The shot probably does also get lungs, but it is very high on the lungs, and therefore takes a long time for the chest to fill up with blood. 



It will anchor them, but be prepared for a finish shot.


----------



## Whit1 (Apr 27, 2001)

Jacob Huffman said:


> These guys that hit the deer shoulder high and they drop like a sack of &&*&..I have been watching this for years on TV but never thought about trying it myself until this year...When you aim for the top of the shoulder just exatly where do you aim ?? I mean like 2-3 inches down from the back bone ?? Just thinking there is no sence in tracking if you dont need to..


 
Be wary of using the phrase "high shoulder shot". That may lead the the misconception that you aim high, as you say "2-3 inches down from the backbone. The shot is actually more in the area about 1/2 way between the top of the deer and the brisket area.

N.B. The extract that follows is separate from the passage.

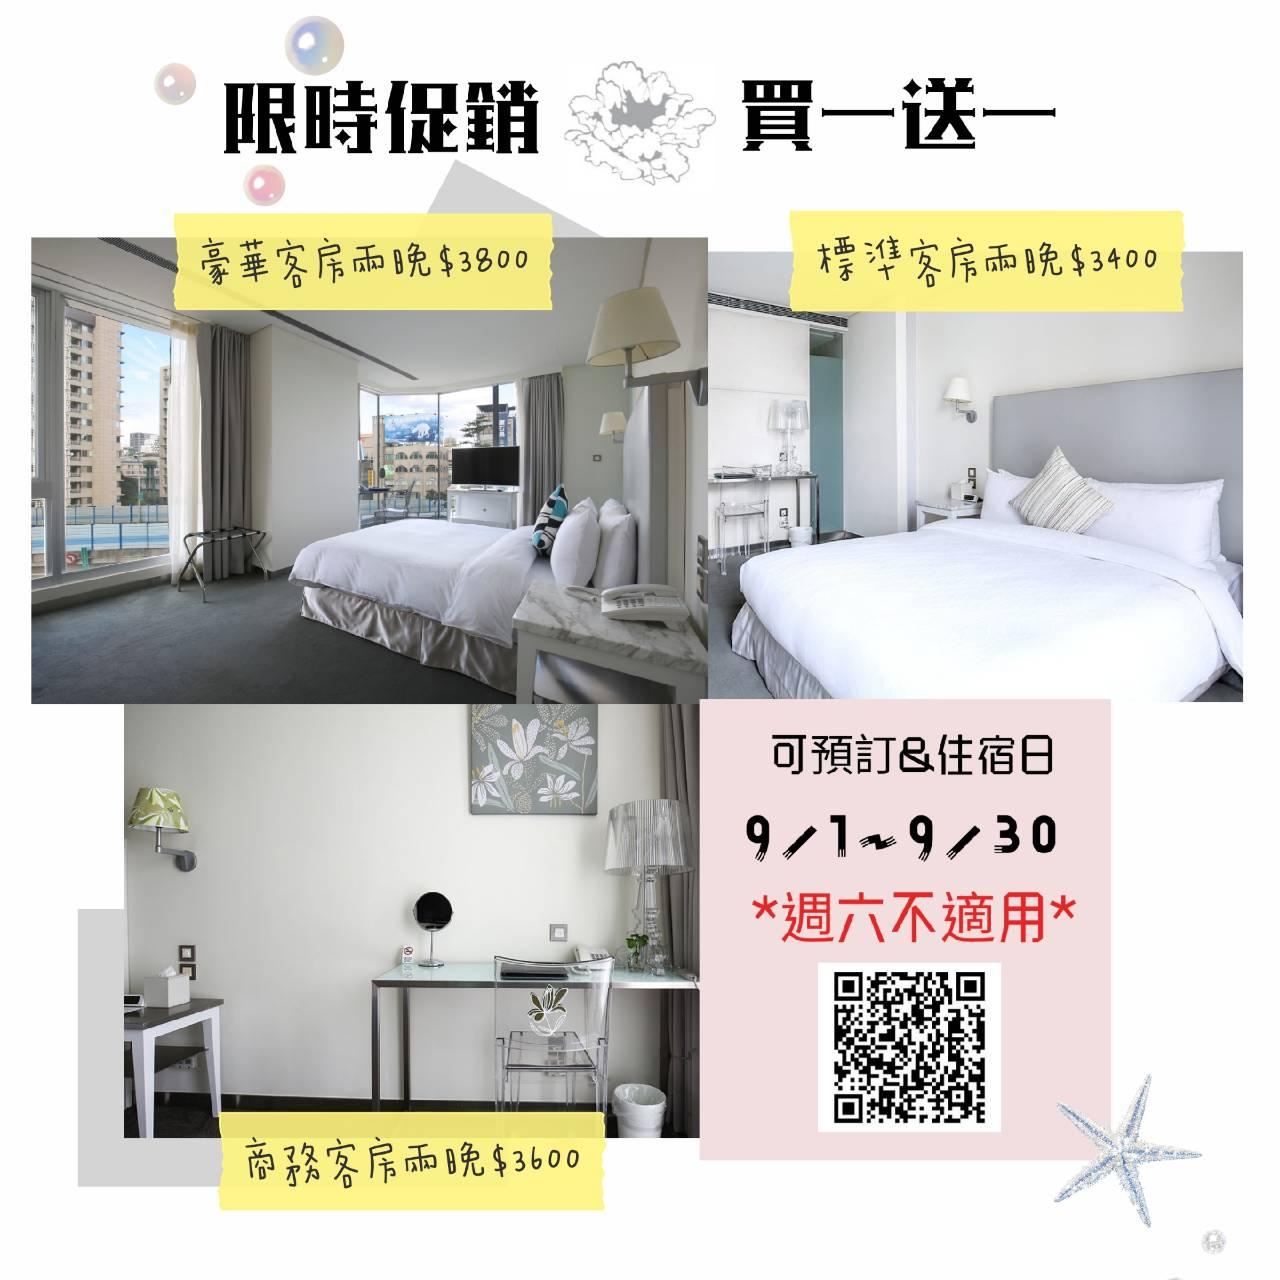 https://booking.taipeiinngroup.com/nv/images/suite/739.jpg

It is an excellent shot and takes out bone as well as the lungs. A deer hit there will not go far.

I used to hunt next to a local lake and I looked out into a very large, heavily brushed larch/black spruce swamp that was very dense with thick, heavy, underbrush. Unless you took out a front leg, along with a shot into the lungs, finding a deer in there was VERY difficult without snow on the ground. I made it a point to hit a front shoulder for that reason and anyone that I allowed to hunt that blind was ALWAYS given very specific, and repeated instructions to do the same.

Take a look at the drawing below to get an idea of just where to shoot. Keep in mind that the shock wave of the bullet will do damage as well if it is close enough to the bone.

Do you loose some meat? Yes, but the choice may be to loose those few pounds of meat or loose the entire deer.


----------



## GrizzlyHunter (Jun 17, 2005)

wally-eye said:


> No risk at all...... Crosshairs right dead on the front leg and then 1/2 way up the body...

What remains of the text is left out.